When you see new plane orders they’re usually announced with the list prices for aircraft that no one actually pays. Roughly you should divide that number in half.
Aircraft manufacturers try to keep secret actual purchase prices, because they don’t want to broadcast to all potential buyers how much of a discount they’ll really give. Plus big numbers make for great press releases. At the same time it’s hardly a secret that no one pays list.
Boeing Factory
Here’s the reported values of the Boeing and Airbus order books, using a current value of 1 Euro = 1.17 dollars to convert the Airbus valuations.
New IFRS-15 will require Airbus to use actual sales prices for valuing its order book, not list prices, something Boeing does already. That should cut the reported value of Airbus’ order book in half.
In its annual report, Airbus trumpeted 6,900 commercial aircraft in its backlog worth a cool €1 trillion euros ($1.2 trillion) at catalog prices. In contrast, Boeing valued its more than 5,700 commercial jet orders at about $416 billion. The discrepancy is explained by Boeing’s book-keeping. The U.S. company uses the actual prices customers agreed to pay. Airbus uses prices it wishes they’d paid.
Legacy American Airlines Airbus A319
There won’t be a change from these rules on the number of aircraft reportedly sold. And there won’t be a change to the actual cashflow those orders generate. The change will be to how Airbus reports the value of those future orders. It’s effective with annual reporting periods beginning on or after January 1, 2018.
New accounting rules go into effect for frequent flyer programs January 1, too.
Who cares?
I do care.

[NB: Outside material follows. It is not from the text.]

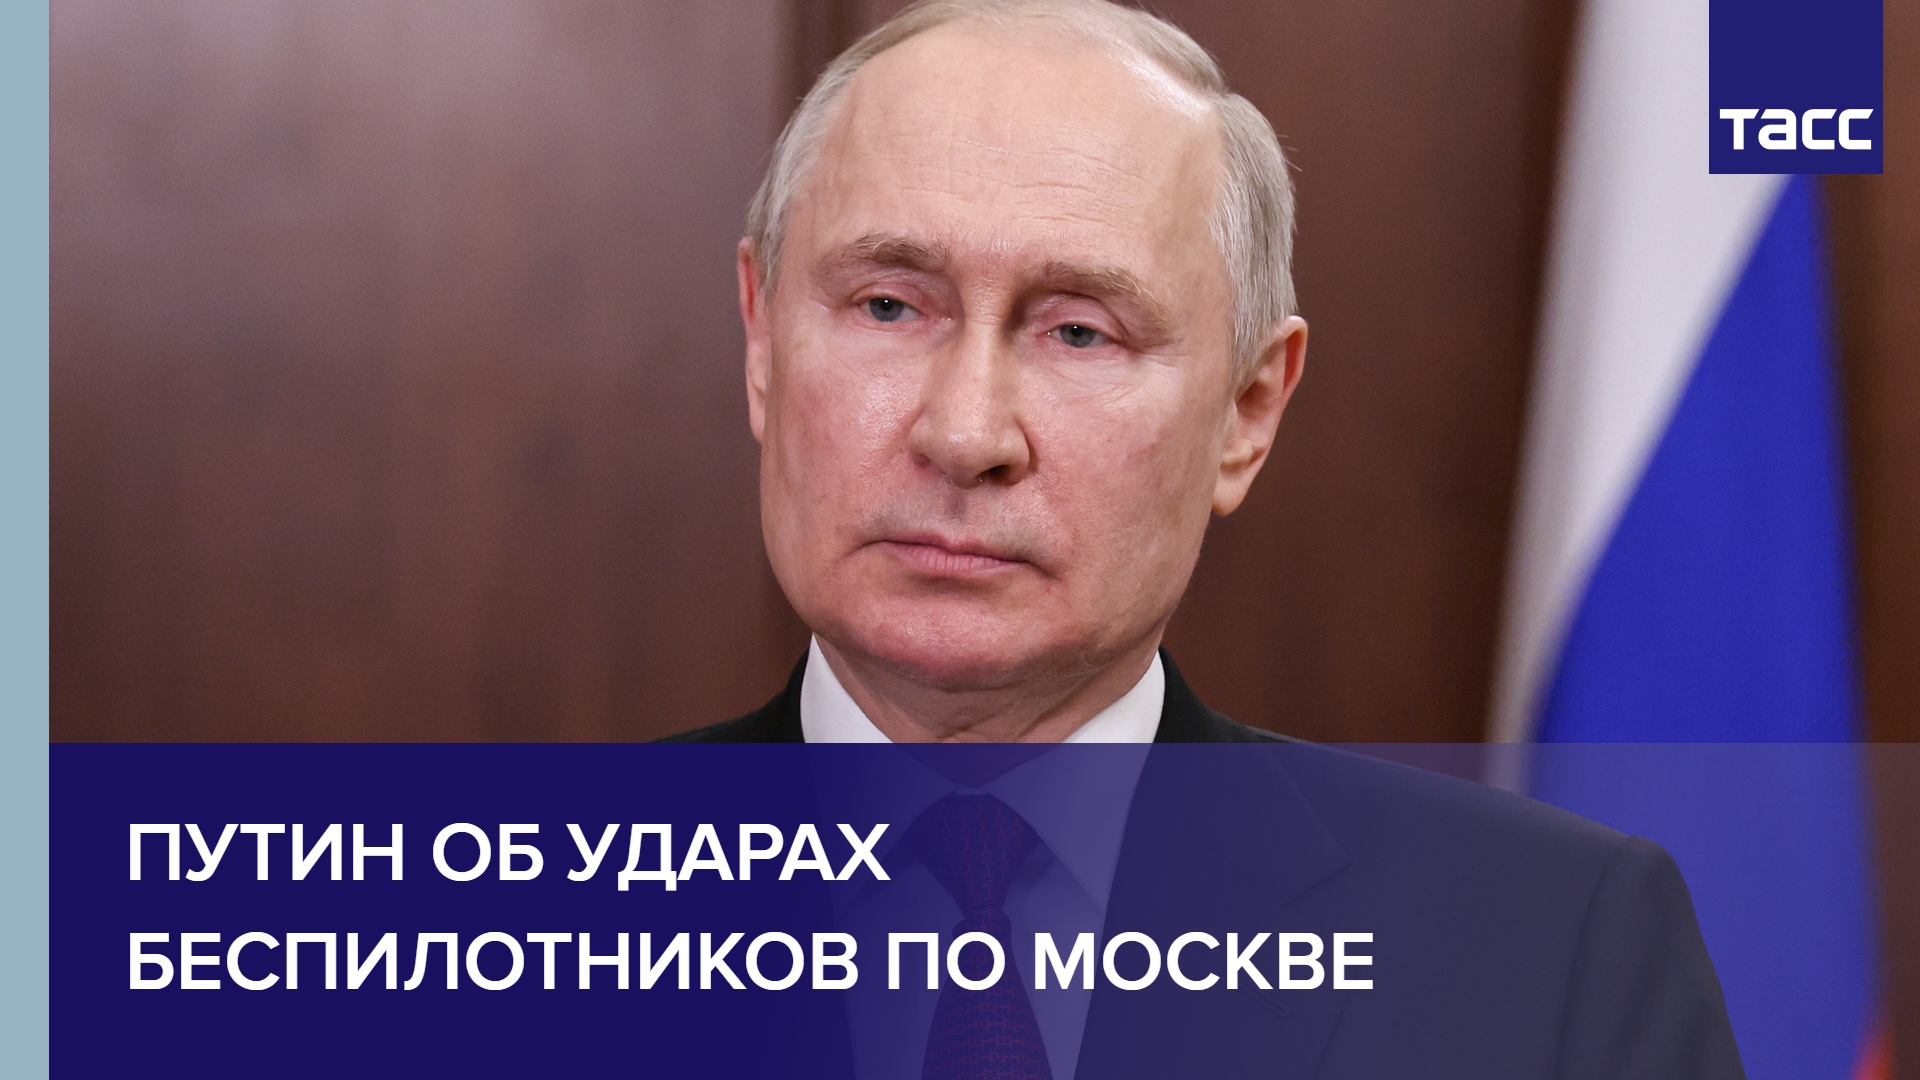 Путин об ударах беспилотников по Москве
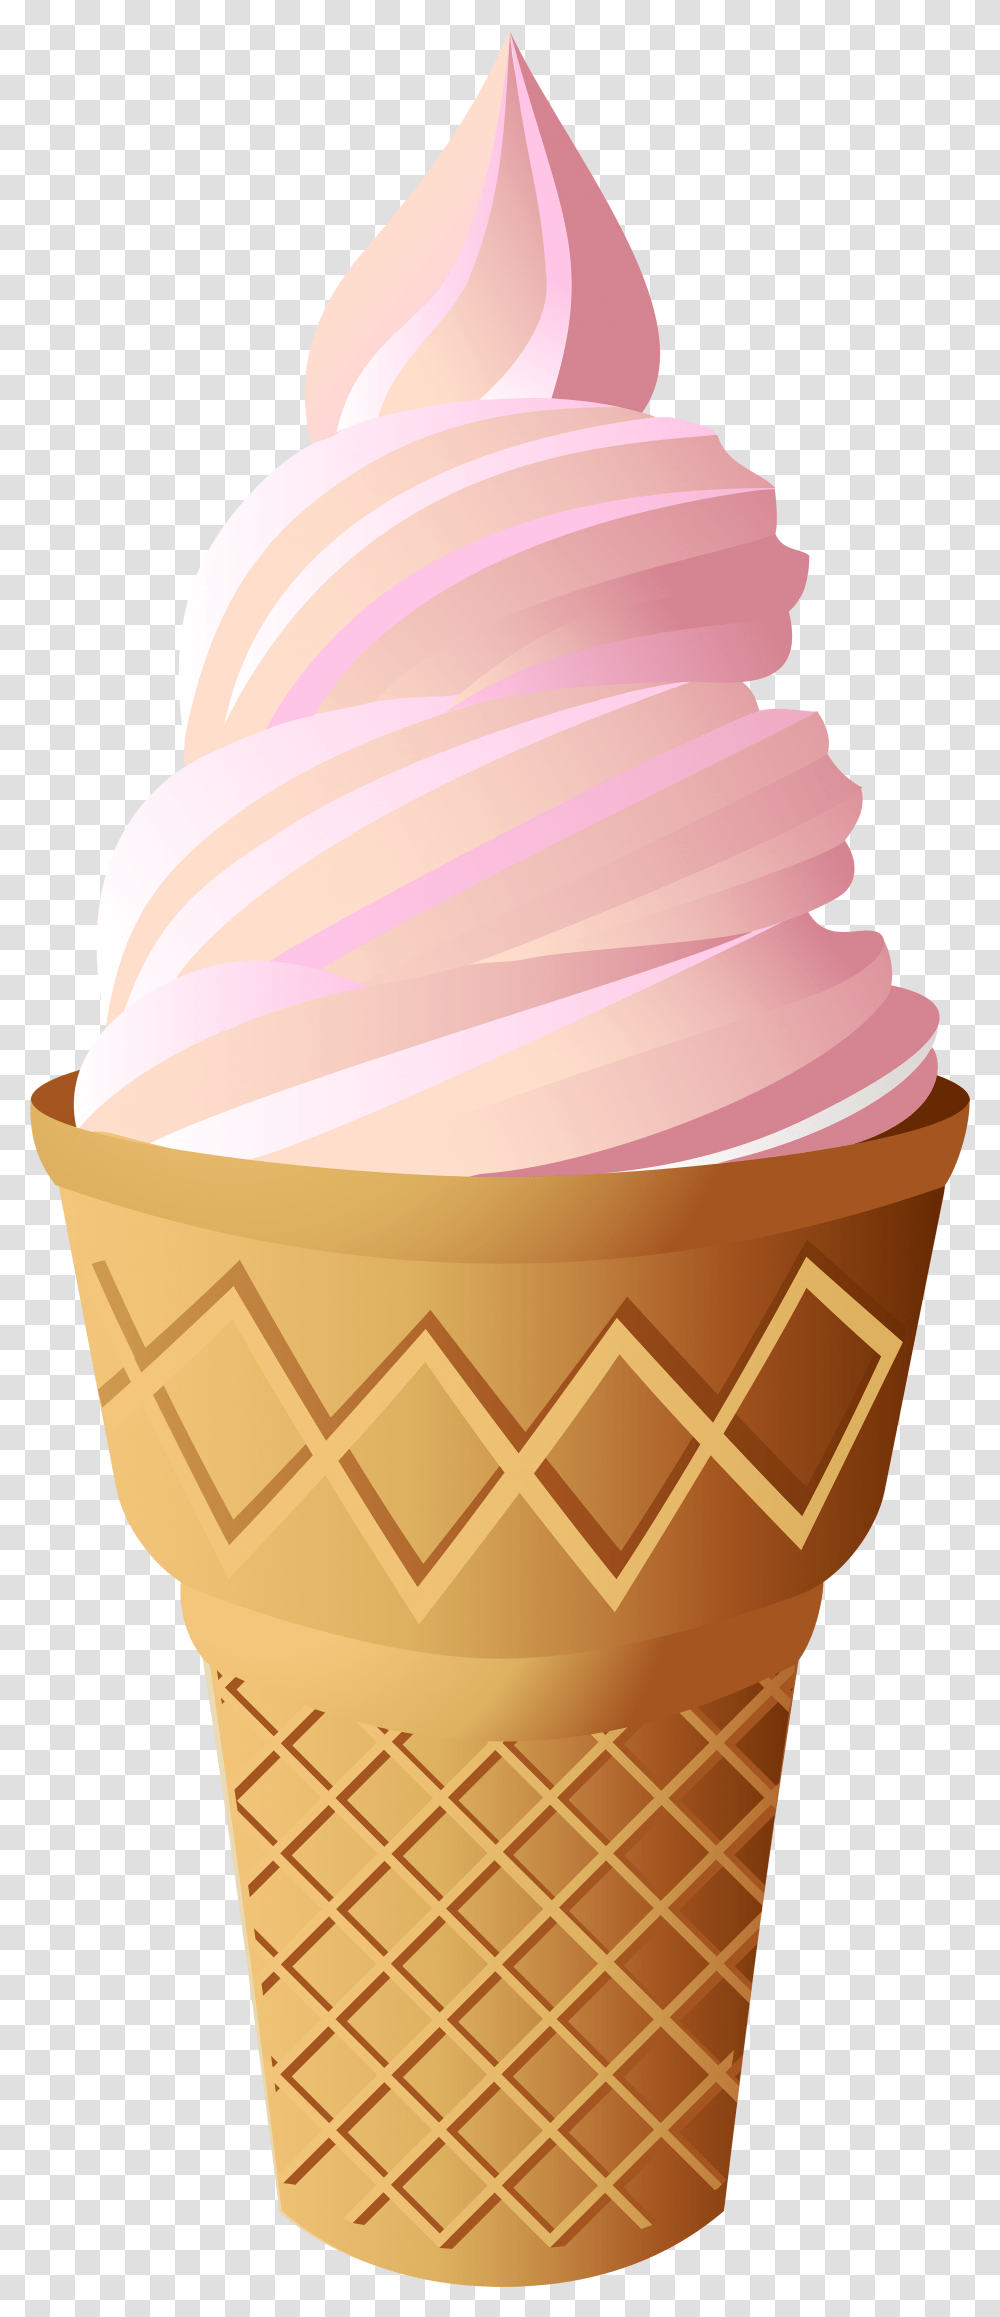 Pink Ice Cream Cone Clip Art Vanilla Ice Cream, Dessert, Food, Creme, Wedding Cake Transparent Png

As an aviation geek and current Boeing employee of 10 years. But most of readers will not care.
The metric that should count is profit.It is kind of cool to deliver a couple of 380’s but they don’t really add any profit at all.
@K who clicks on a link, reads an article, then takes the time to comment on a subject they don’t care about? Strange.
Even discounting their figure by 50% might not be enough, as some of the orders will likely never be filled. I’m wondering if part of these more strict revenue recognition rules will require them to account for this.
So people have been comparing apples to oranges all this time? What’s the use of using this metric, then?